Size of paths in utf8 is possibly bigger than in utf16.
Details
Diff Detail
Event Timeline
The usual practice is to include the entire context in the diff. However, the change itself LGTM.
Thanks for doing that, makes it easier for reviewers to see around the code without having to load up the file in question.

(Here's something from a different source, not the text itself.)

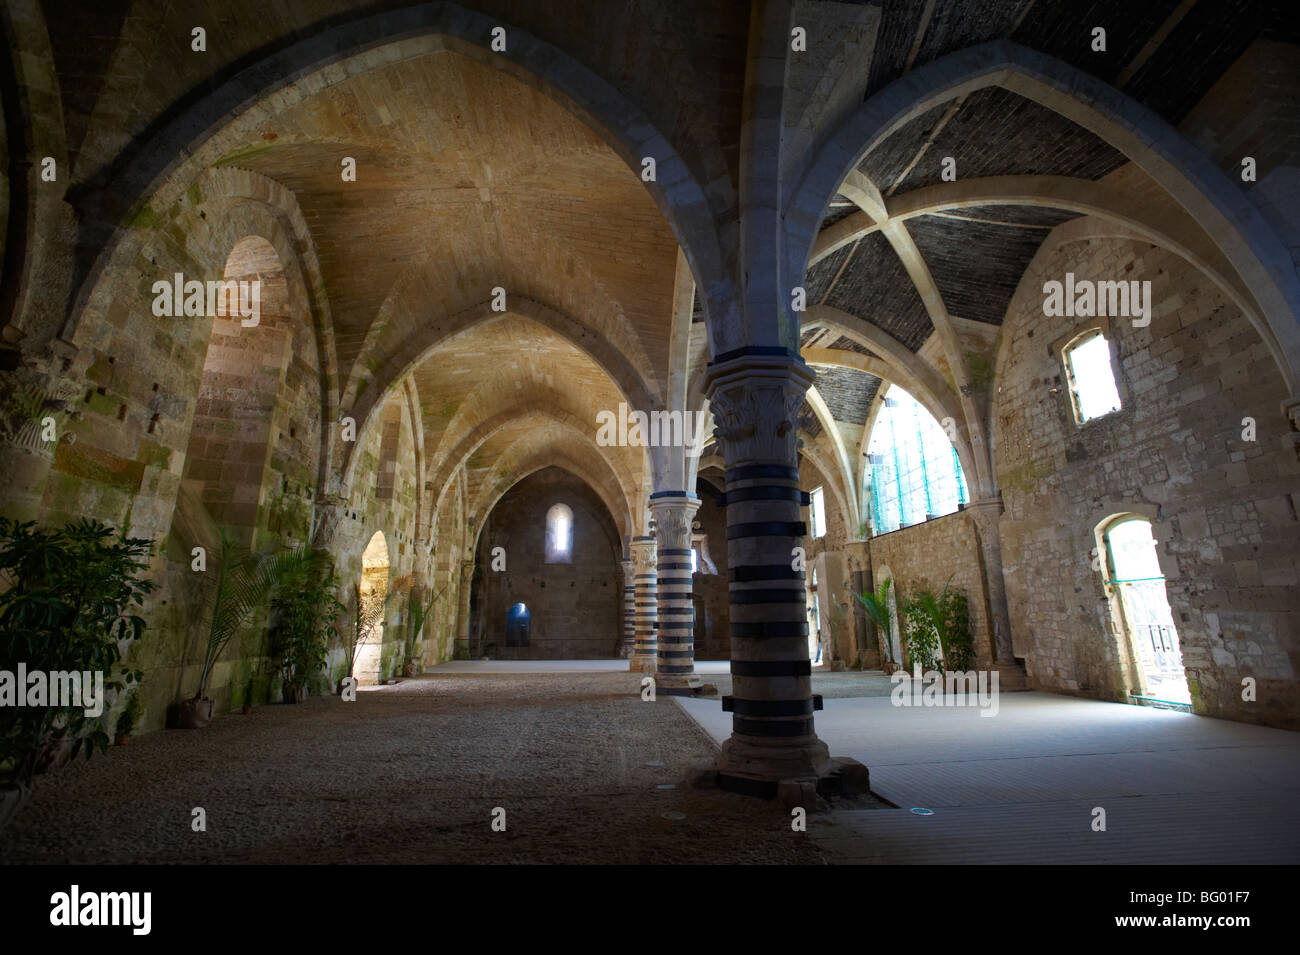 Interior of the Maniace castle, Siracuse, Sicily Stock Photo

Perhaps this particular use case needs to be added to the unit testing ("llvm/unittests/Support/Path.cpp")?
It's just so obvious.
The unit-test TEST_F(FileSystemTest, widenPath) in llvm/unittests/Support/Path.cpp:2080-2146
has already demonstrated this.
#ifdef _WIN32 TEST_F(FileSystemTest, widenPath) { const std::wstring LongPathPrefix(L"\\\\?\\"); // Test that the length limit is checked against the UTF-16 length and not the // UTF-8 length. std::string Input("C:\\foldername\\"); const std::string Pi("\xcf\x80"); // UTF-8 lower case pi. // Add Pi up to the MAX_PATH limit. const size_t NumChars = MAX_PATH - Input.size() - 1; for (size_t i = 0; i < NumChars; ++i) Input += Pi; // Check that UTF-8 length already exceeds MAX_PATH. EXPECT_TRUE(Input.size() > MAX_PATH); SmallVector<wchar_t, MAX_PATH + 16> Result; ASSERT_NO_ERROR(windows::widenPath(Input, Result)); // Result should not start with the long path prefix. EXPECT_TRUE(std::wmemcmp(Result.data(), LongPathPrefix.c_str(), LongPathPrefix.size()) != 0); EXPECT_EQ(Result.size(), (size_t)MAX_PATH - 1); // Add another Pi to exceed the MAX_PATH limit.
Input.size() > MAX_PATH is expected to be true and Result.size() is expected to be MAX_PATH - 1, meaning
that PathUTF16[Path.size() - 1] is an out-of-bound array access.
That test is for widenPath and it does cover a similar situation (I know because I wrote it). The code you have changed relates to directory_iterator_construct which does not have coverage of the situation where the UTF16 length is less than the UTF8 length, i.e. the issue that you are fixing.
If another reviewer is happy to approve this change without any test coverage, then that's fine with me.